There’s good reason why in the last years my only glass of whiskey in the year slips down my throat for Christmas. The many inane conversations on politics and social morality only get so far over the rest of the year.
Now they drain the last out of me.
After dinner, I wonder why my body is not somewhere in a rocking chair by a fire, a large pot of herbal tea by my side and the rest of the family singing.
With a big sigh I lift myself off the sofa and escape for a long, burning shower.
Surface pain gone, my hair wrapped in a towel, I go downstairs again, only my brother sleeping on the sofa, with the music blasting out the loudspeakers next door.
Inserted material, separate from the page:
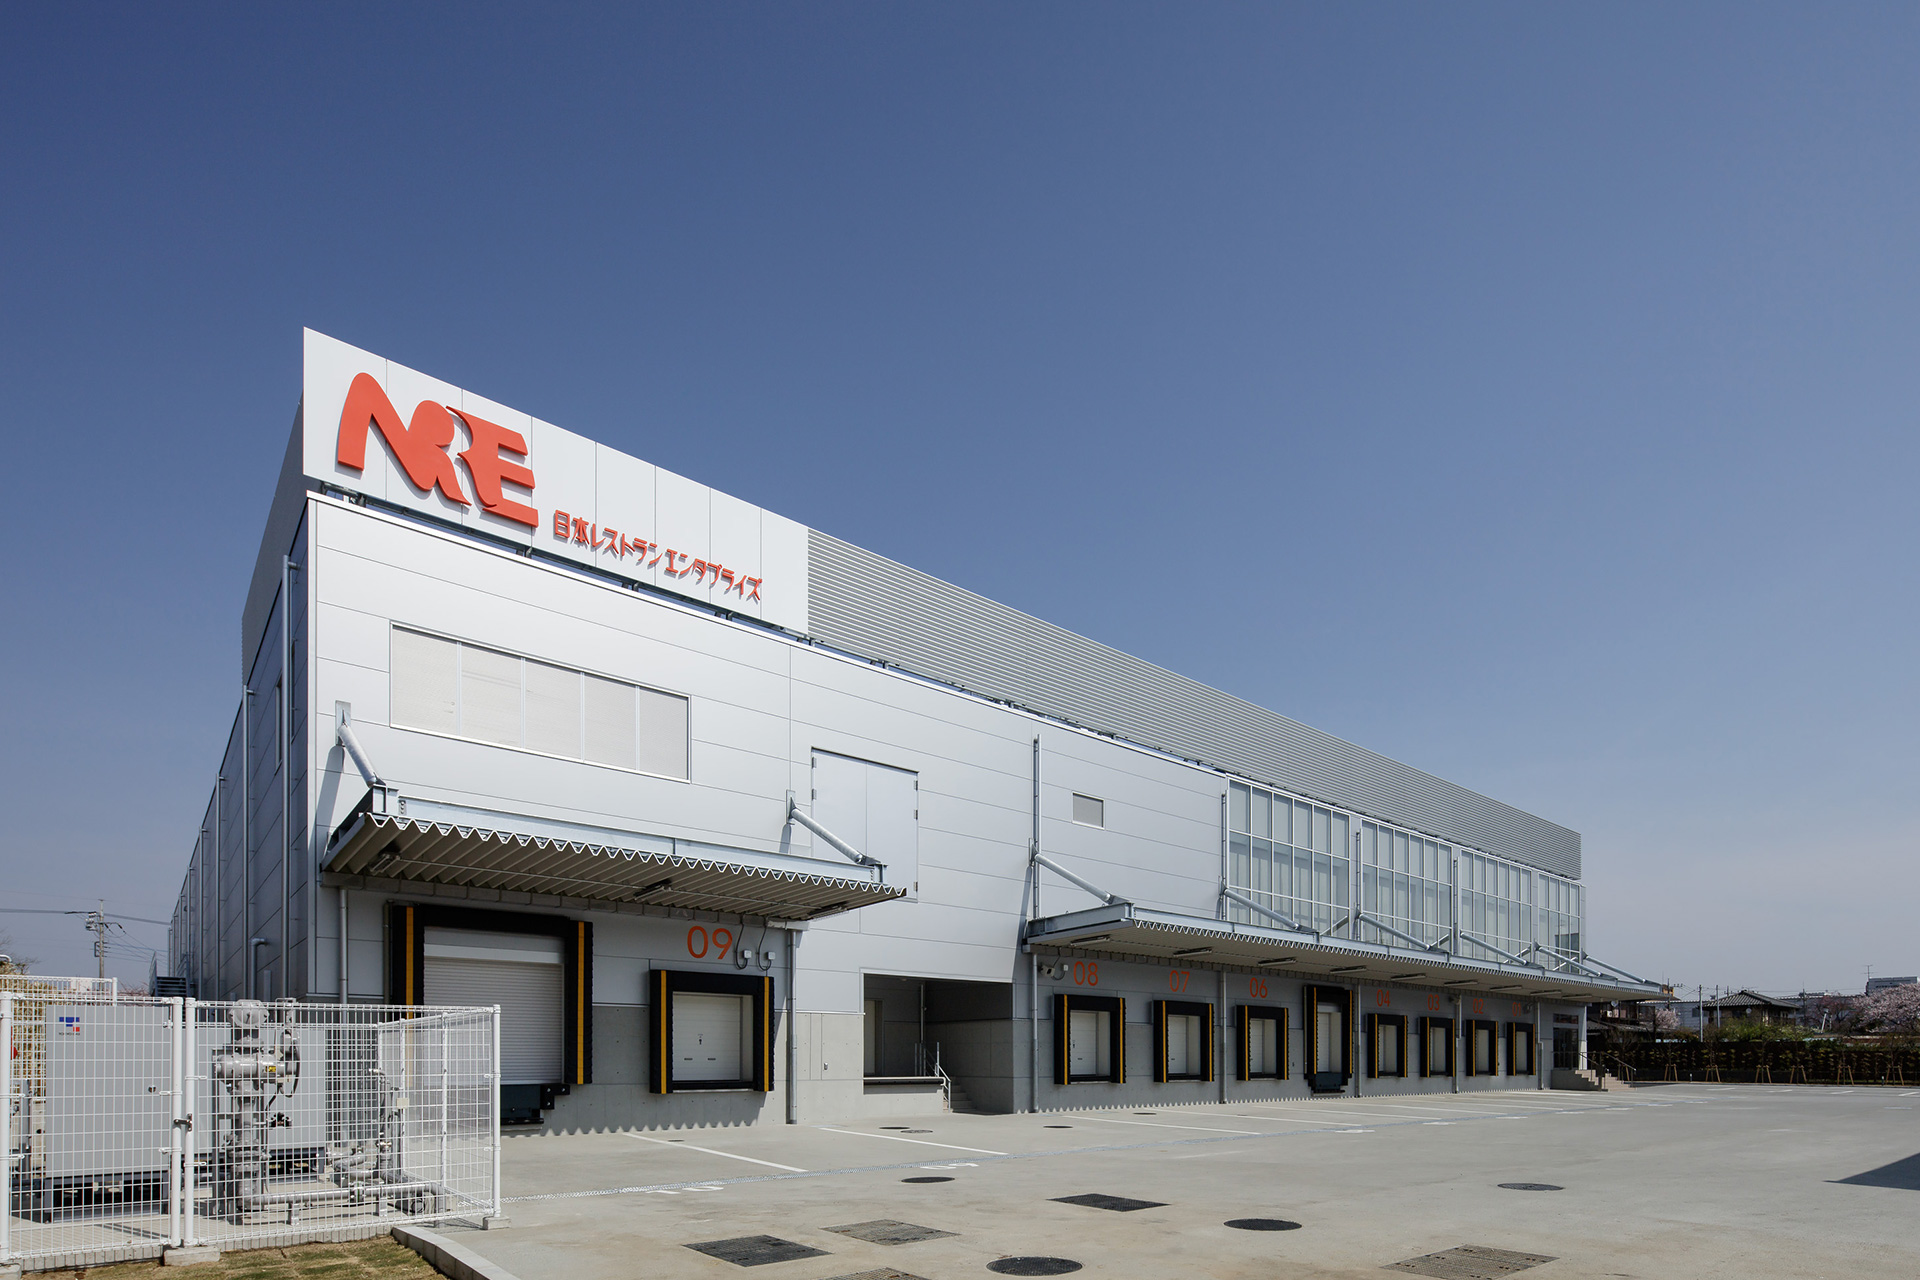 NRE西浦和工場新築工事のサムネイル画像です
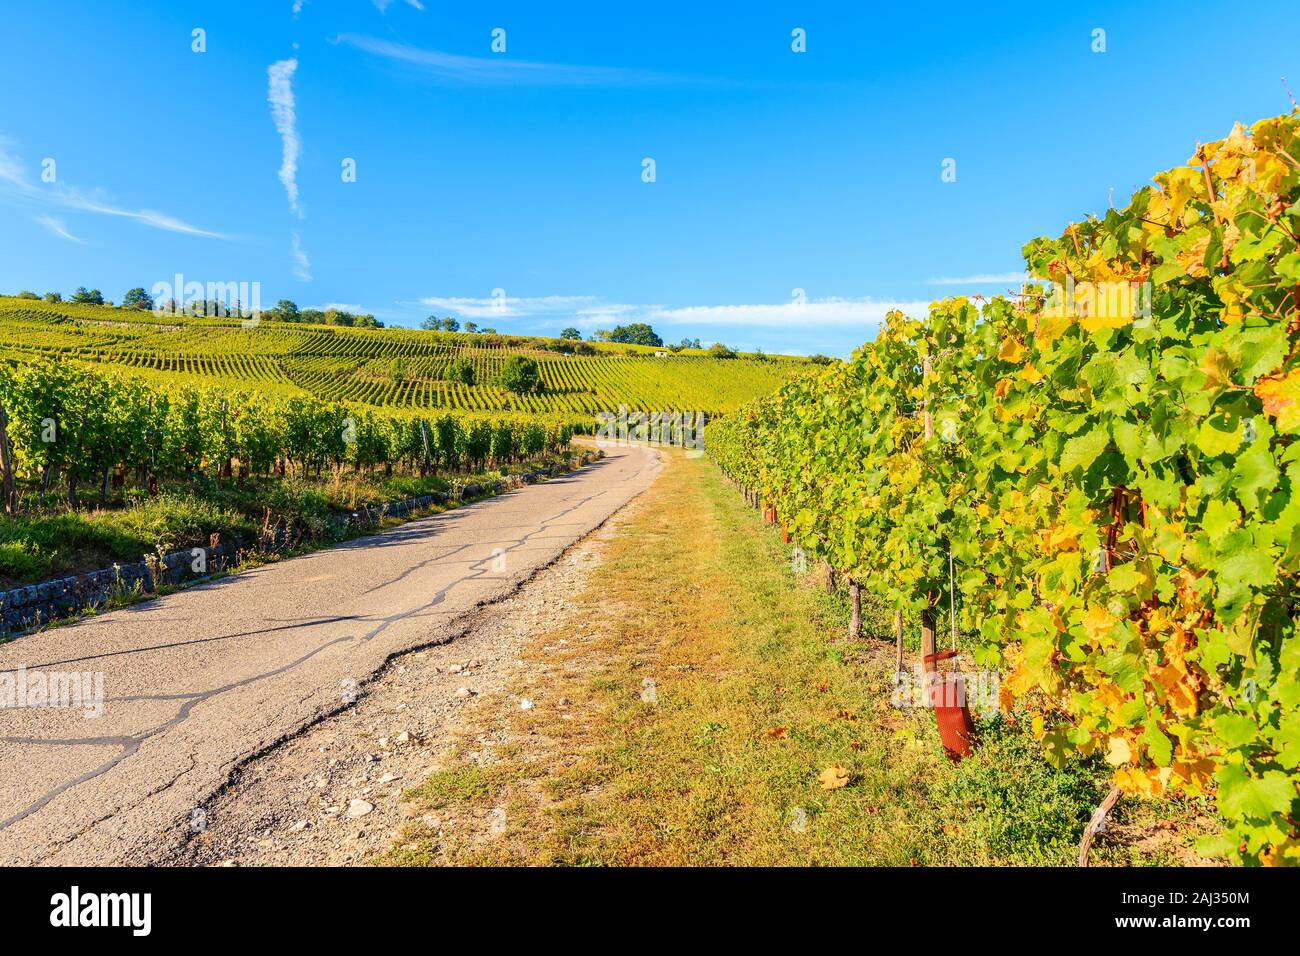 Vista de la carretera y viñedos en Riquewihr village, Ruta del Vino de Alsacia, Francia Foto de stock

Quietly (not that it mattered) I go on the hunt for a whiskey glass, only traditional cherry glasses hmmm forget principles, that will do. A second later I open the single malt he got me and pour it in.
With my right hand gently swaying the glass and my left propping up my head, I sip on the warm, brown liquid, watching the outlines of my brother sleeping.
Just a moment, just that moment I need to shift my perspective again…that’s how it’s always been…my soul’s mission amongst those who prefer their own little world over the truth, those who lost all contact to the ancient ways.
Why would I need someone to understand or care about the lunar cycle or why the light stands still for this time of year…
I know. A sigh escapes my lips without a sound: yes, if anyone can survive this, it’s me, if anyone can show them, it’s me.
I hold on to the glass, put the bottle back on the table and walk upstairs. Back in the guest room, my hand grabs the brass handle of the window, pushes it down and puts the whiskey on the window sill outside.
Black all around, the sound of the pine not far away reminds me that the mission has never changed in thirty years, it never will, yet the moon cannot be the only one on this path.